Objectives: The predictive value of blood and serum markers for spontaneous ureteral stone passage (SSP) has been investigated, with no substantial conclusion about their reliability. Therefore, we aim to evaluate the predictive potential of blood and urine laboratory tests for ureteral stone passage.

Methods: This prospective, single-center observational study included patients with a solitary obstructing ureteral stone <10 mm diagnosed via non-contrast computerized tomography (NCCT). Definition for SSP was strict including physical evidence of stone passage, follow-up NCCT, or ureteroscopy, and patients were followed until stone passage or urologic intervention occurred. Blood and urine markers, including white blood cells count (WBC), neutrophil-to-lymphocyte ratio (NLR), creatinine, calculated glomerular filtration rates, urine leukocyte esterase and nitrates were collected. Univariate analysis, multivariate analysis, and receiver operating characteristic curves were performed to assess the association between markers and SSP.
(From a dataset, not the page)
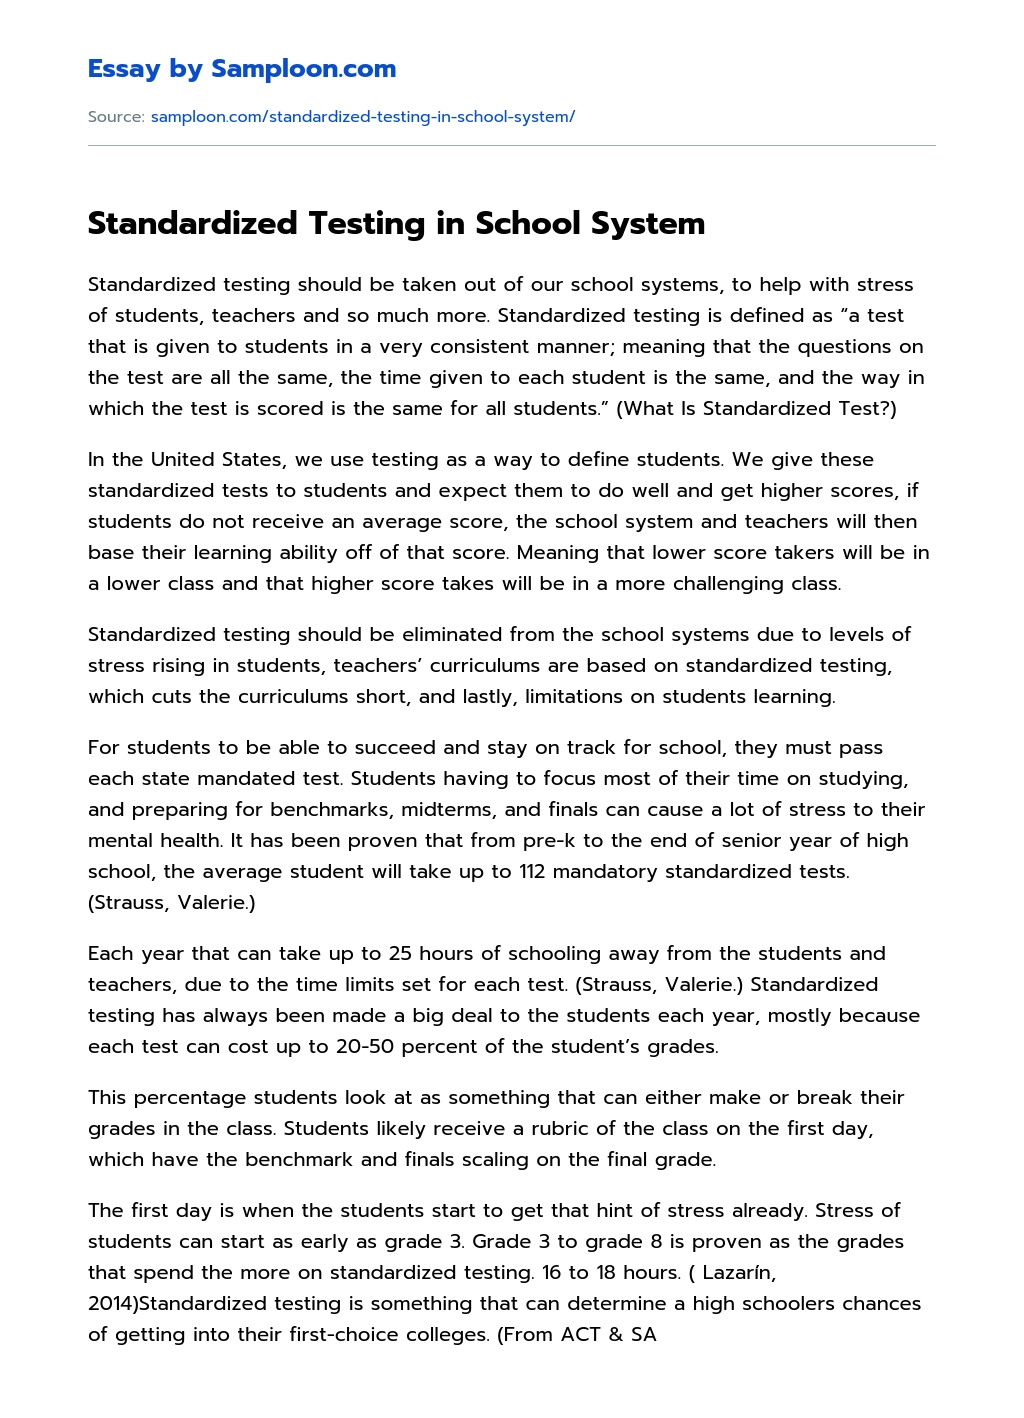 Standardized Testing in School System Argumentative Essay essay
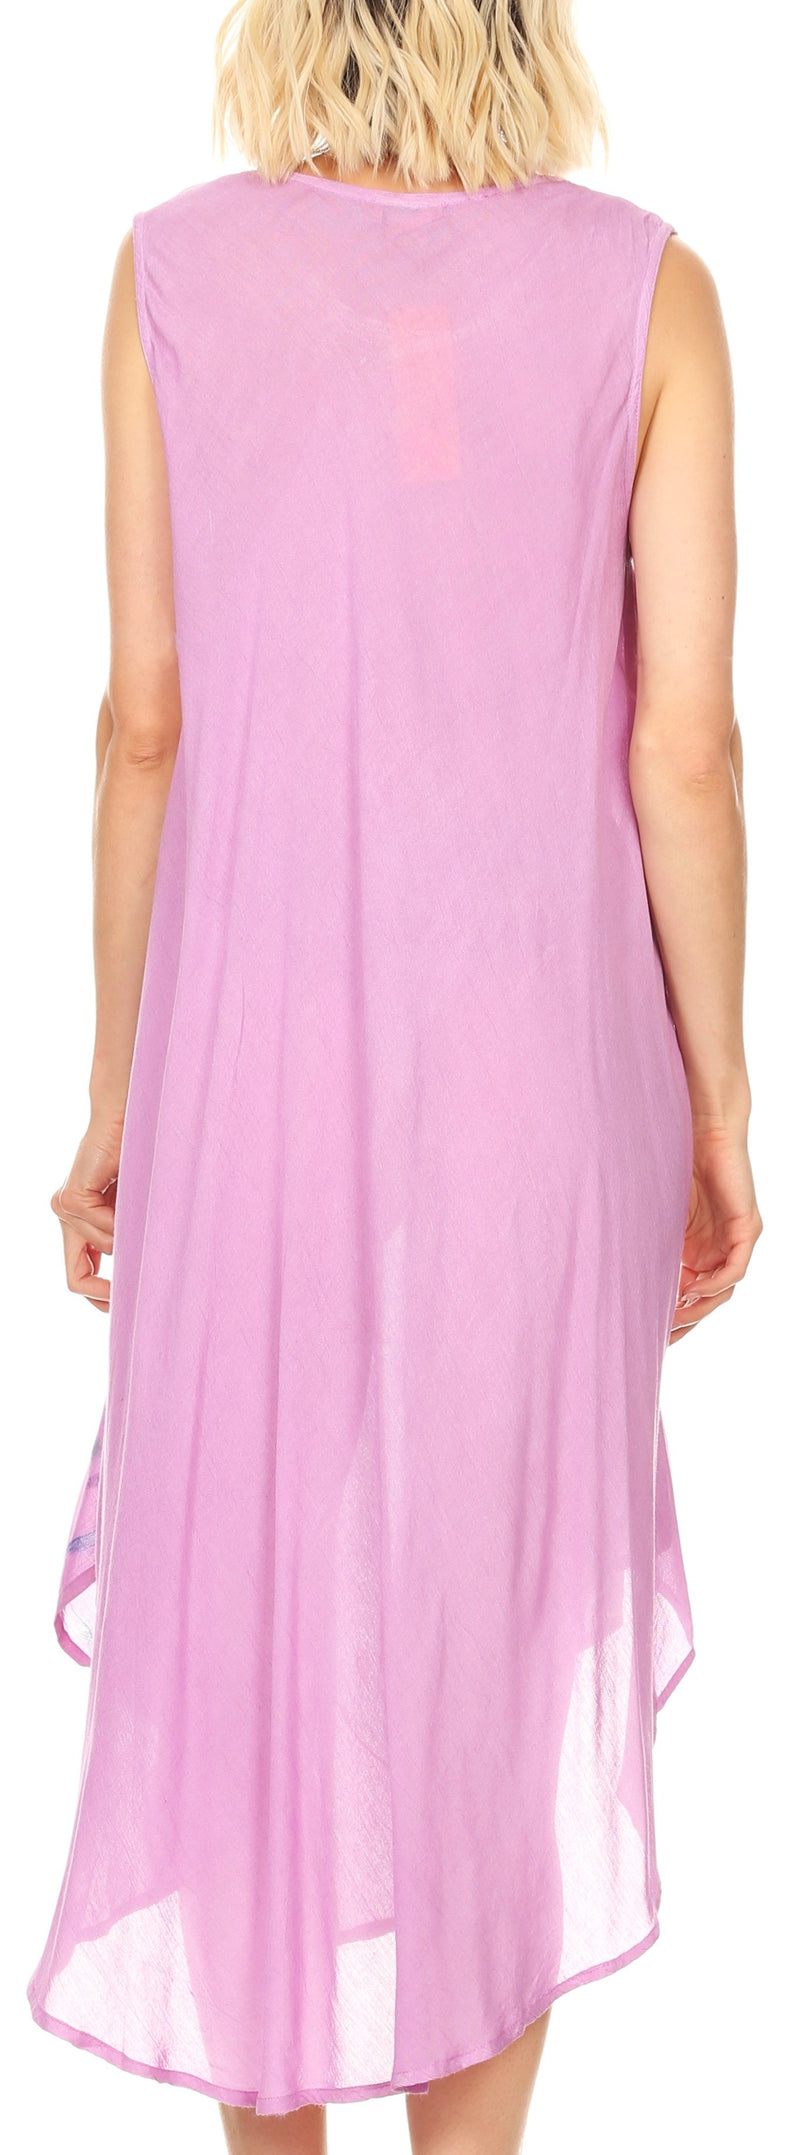 Sakkas Tia Women's Casual Summer Maxi Loose Fit Sleeveless Tank Dress Cover-up

Results: Cohort consisted of 165 participants who met the inclusion and exclusion criteria with adequate data collection and follow-up. Median age was 54 years with a male to female ratio of 11:5. Most stones were in the mid-distal ureter (56%) and median stone size was 3.5 mm. SSP was observed in 87 patients (53%). None of the blood or urine markers demonstrated a significant association with SSP, and areas under the curves were poor and insignificant. Smaller stone size and distal location significantly predicted SSP.

Conclusions: Routine blood and urine markers are not associated with SSP, and their contribution to SSP nomograms might be negligible. These negative results may redirect providers' focus to other factors when predicting SSP.

评价血液和尿液标志物预测输尿管结石的自发性通过。
目的:研究了血液和血清标志物对自发性输尿管结石通过(SSP)的预测价值,但对其可靠性尚无实质性结论。因此,我们的目的是评估血液和尿液实验室检查对输尿管结石通过的预测潜力。方法:这项前瞻性、单中心观察性研究纳入了孤立性输尿管梗阻性结石患者。结果:队列包括165名符合纳入和排除标准的参与者,有充分的数据收集和随访。年龄中位数为54岁,男女比例为11:5。大多数结石位于输尿管中远端(56%),中位结石大小为3.5 mm。87例(53%)患者出现SSP。所有血液或尿液标记物均未显示与SSP有显著关联,曲线下面积较差且不显著。较小的结石大小和远端位置显著预测SSP。结论:血常规和尿常规标记物与SSP无关,它们对SSP形态图的贡献可能可以忽略不计。在预测SSP时,这些负面结果可能会将提供者的注意力转移到其他因素上。
本文章由计算机程序翻译,如有差异,请以英文原文为准。